[Sca-cooks] bustard

Susanne Mayer susanne.mayer5 at chello.at
Sun Mar 6 12:08:14 PST 2011

Beg to differ, but there is a colony in Austria (albeit on the 
Neusiedlersee, a big steppe lake on both sides of the Austrian and Hungarian 
border, but definitely on our side of the lake.

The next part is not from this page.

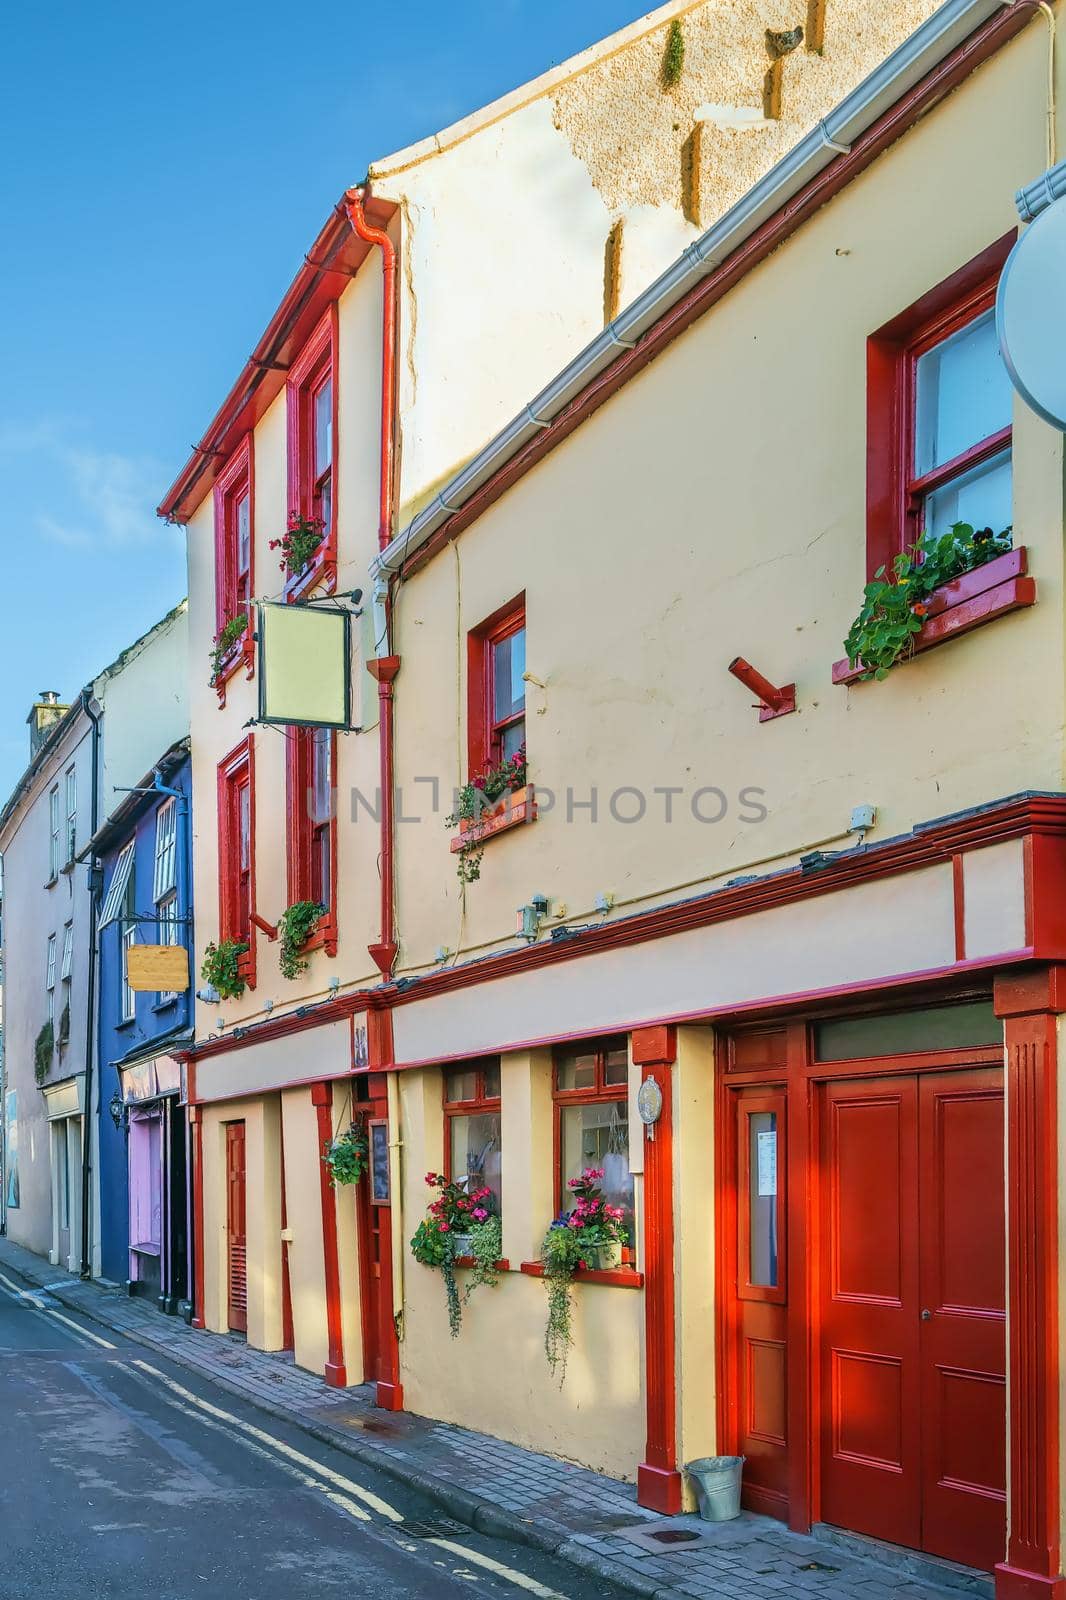 Street in Kinsale, Ireland by borisb17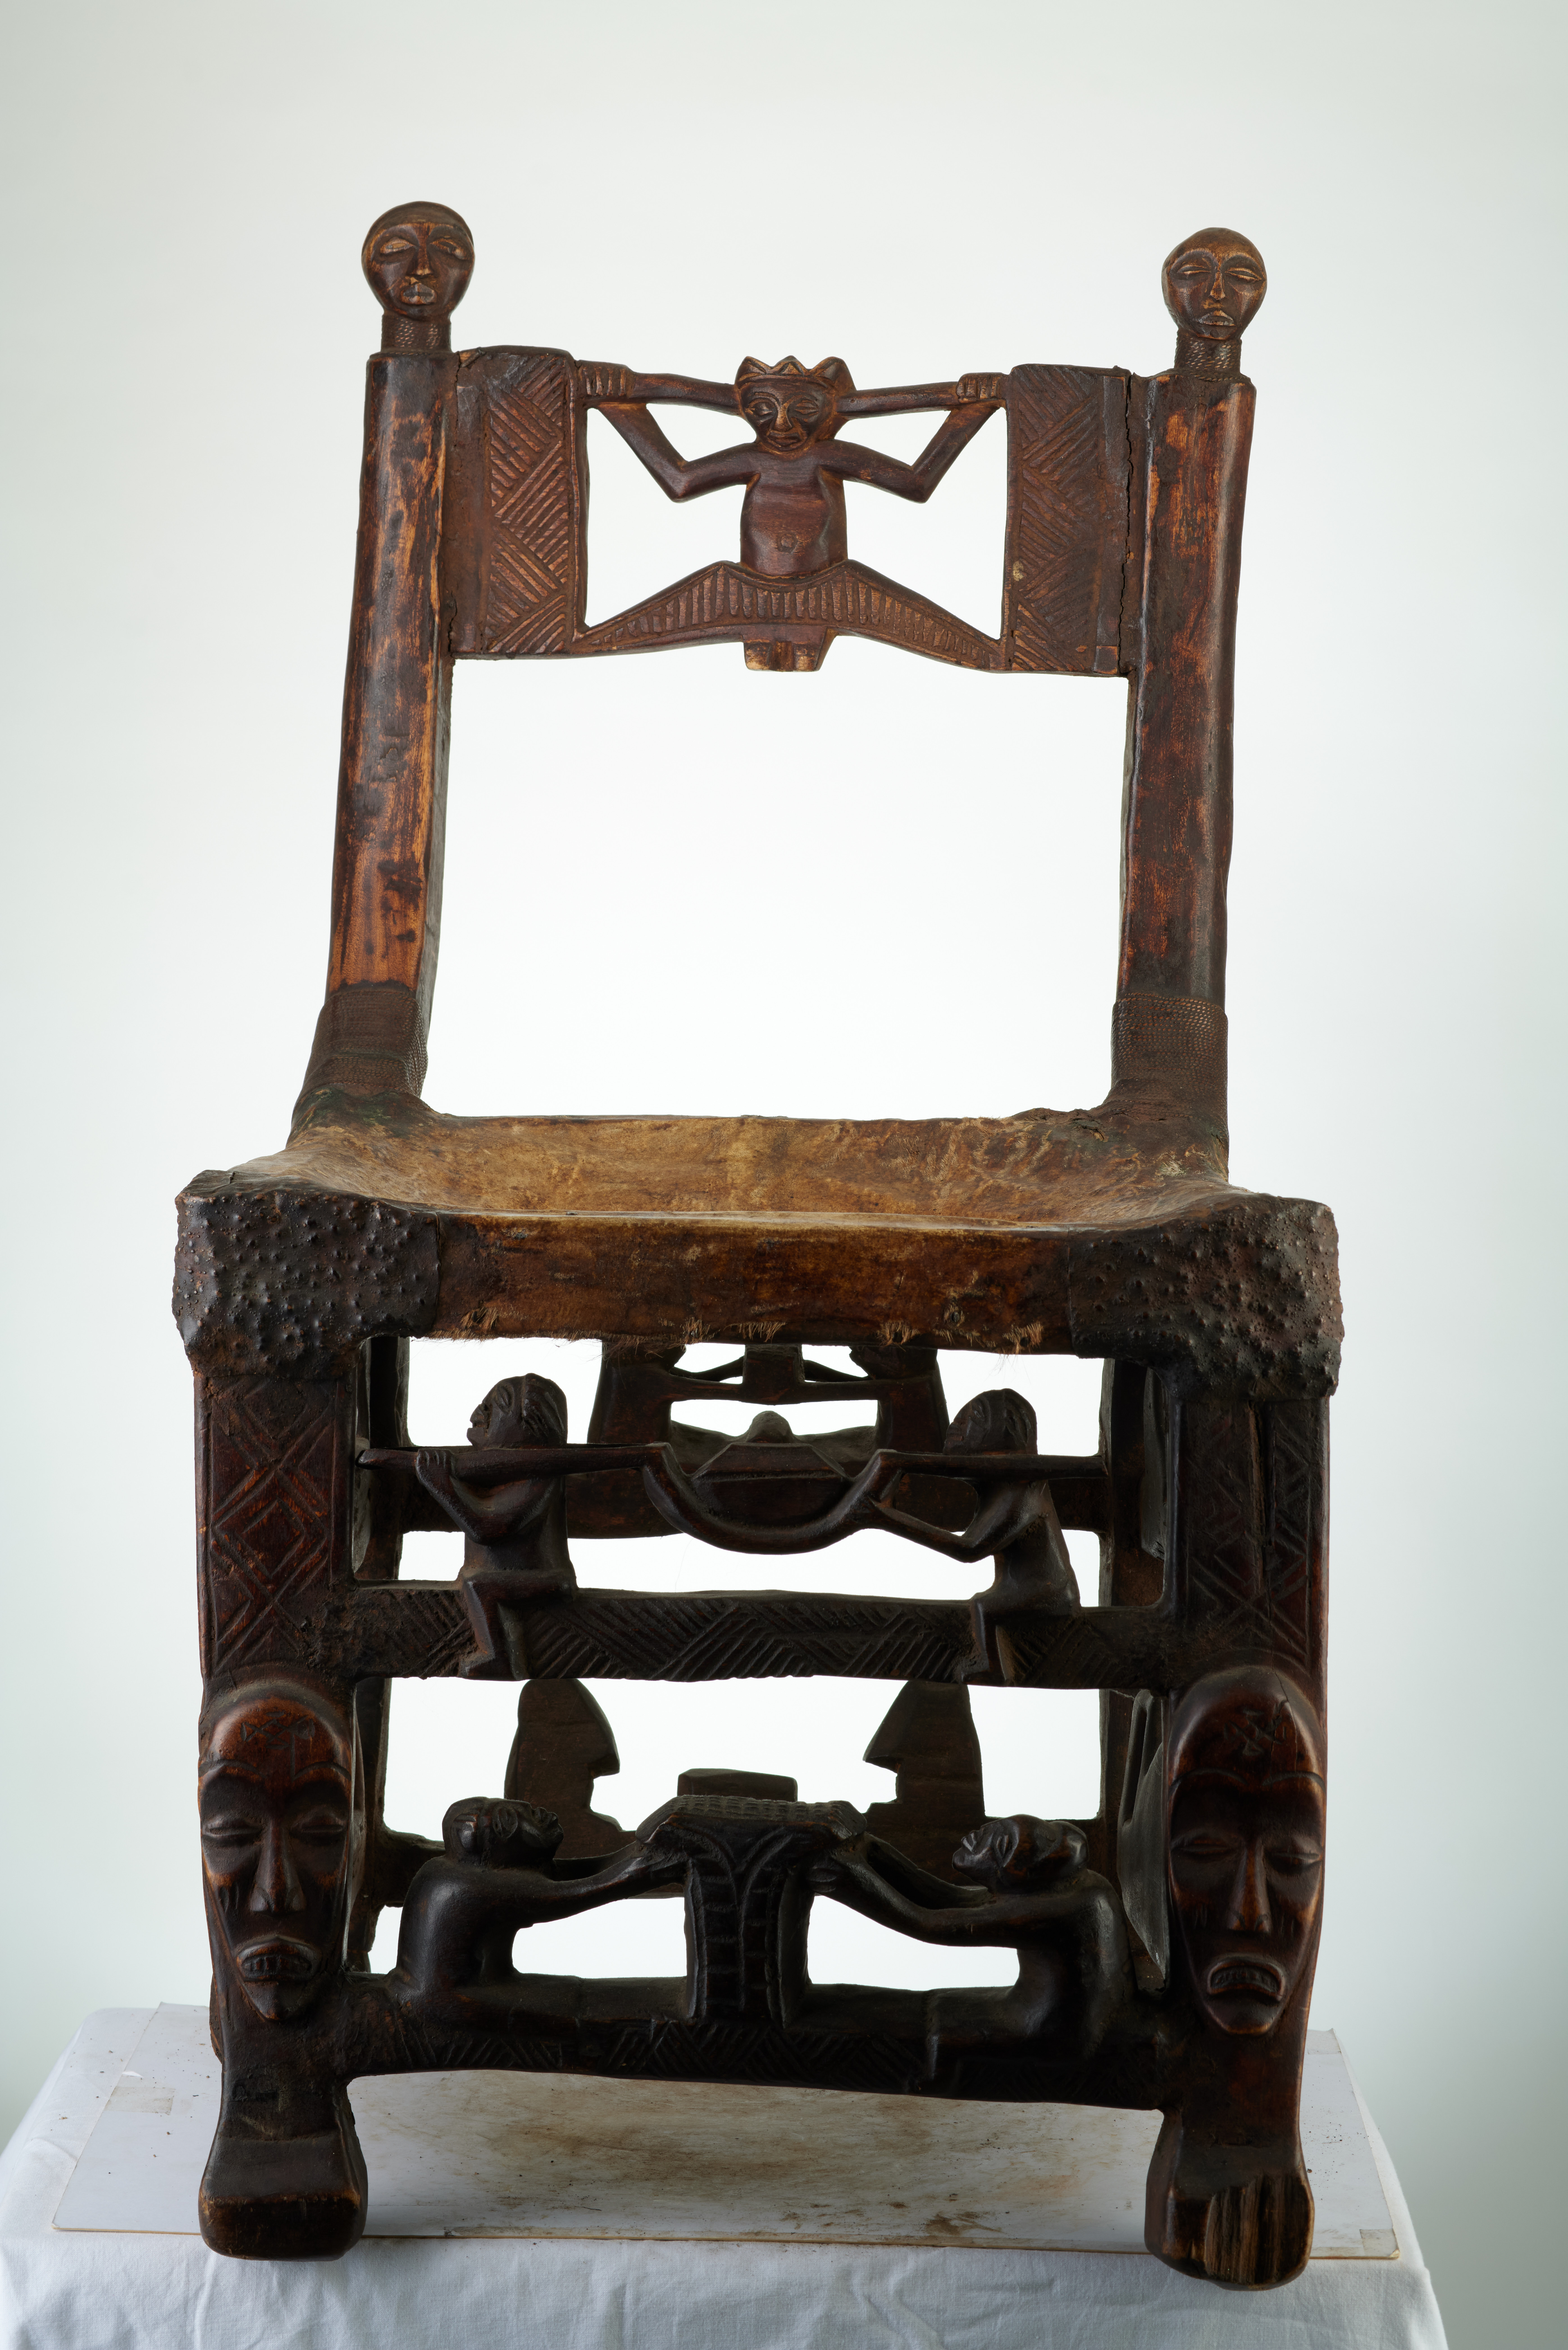 TCHOKWE (chaise), d`afrique : rep.dem.Congo, statuette TCHOKWE (chaise), masque ancien africain TCHOKWE (chaise), art du rep.dem.Congo - Art Africain, collection privées Belgique. Statue africaine de la tribu des TCHOKWE (chaise), provenant du rep.dem.Congo, 1869:Tres vieille chaise Tchokwe datant du 19eme sc.Elle est recouverte d

I have seen them for my 
self, they live in the  National park Neusiedlersee


And they are almost extinct even here in a protected habitat they are very 


Greetings from a patriotic ;-)


> Message: 8
> Date: Wed, 2 Mar 2011 19:34:39 -0600
> From: "Terry Decker" <t.d.decker at att.net>
> To: "Cooks within the SCA" <sca-cooks at lists.ansteorra.org>
> Subject: Re: [Sca-cooks] Game for Your Feast
> Message-ID: <0F4BAFD8BEB94EF1A3BE2C9F1686CB54 at TerryPC>
> Content-Type: text/plain; format=flowed; charset="iso-8859-1";
> reply-type=original
> You're looking at the present range, not what their range was pre-1600. 
> The
> great bustard's European range extended from England across Southern 
> Europe
> and into Central and Northern Europe.  They are extinct in England, 
> Sweden,
> Switzerland and Poland.  There is still a breeding population in Russia 
> and
> Hungary.  It was more common than you assume.
> Almost all other large birds were taken by hunting, while turkeys, like
> geese, chickens and guinea fowl could be farm raised.  Besides tasting
> better than other large birds, turkeys cost less.  For Catherine de 
> Medici's
> feast of 1549, turkey hens cost 20 sols, turkey cocks cost 30 sols, 
> bustards
> cost 70 sols, and swans cost 100 sols.  The sol or sou is 1/20 of a livre.
> Bear
>> Yes, sorry, I think I am. My apologies. That's one of the reasons for the
>> Florilegium, to augment my sometimes poor memory. I wasn't sure if they
>> were extinct or not, but this article says they aren't extinct, but
>> endangered, like so many other creatures. It also shows another reason 
>> for
>> the turkey to have quickly replaced them. The bustard's area covers only 
>> a
>> small area of Europe, mostly the Iberian peninsula, so even assuming a
>> larger area in medieval times, it probably wasn't that common. So
>> domesticated turkeys would have easily become more common.
>> It also sounds like a domesticated turkey would be much easier to raise
>> than swans or geese or other large birds.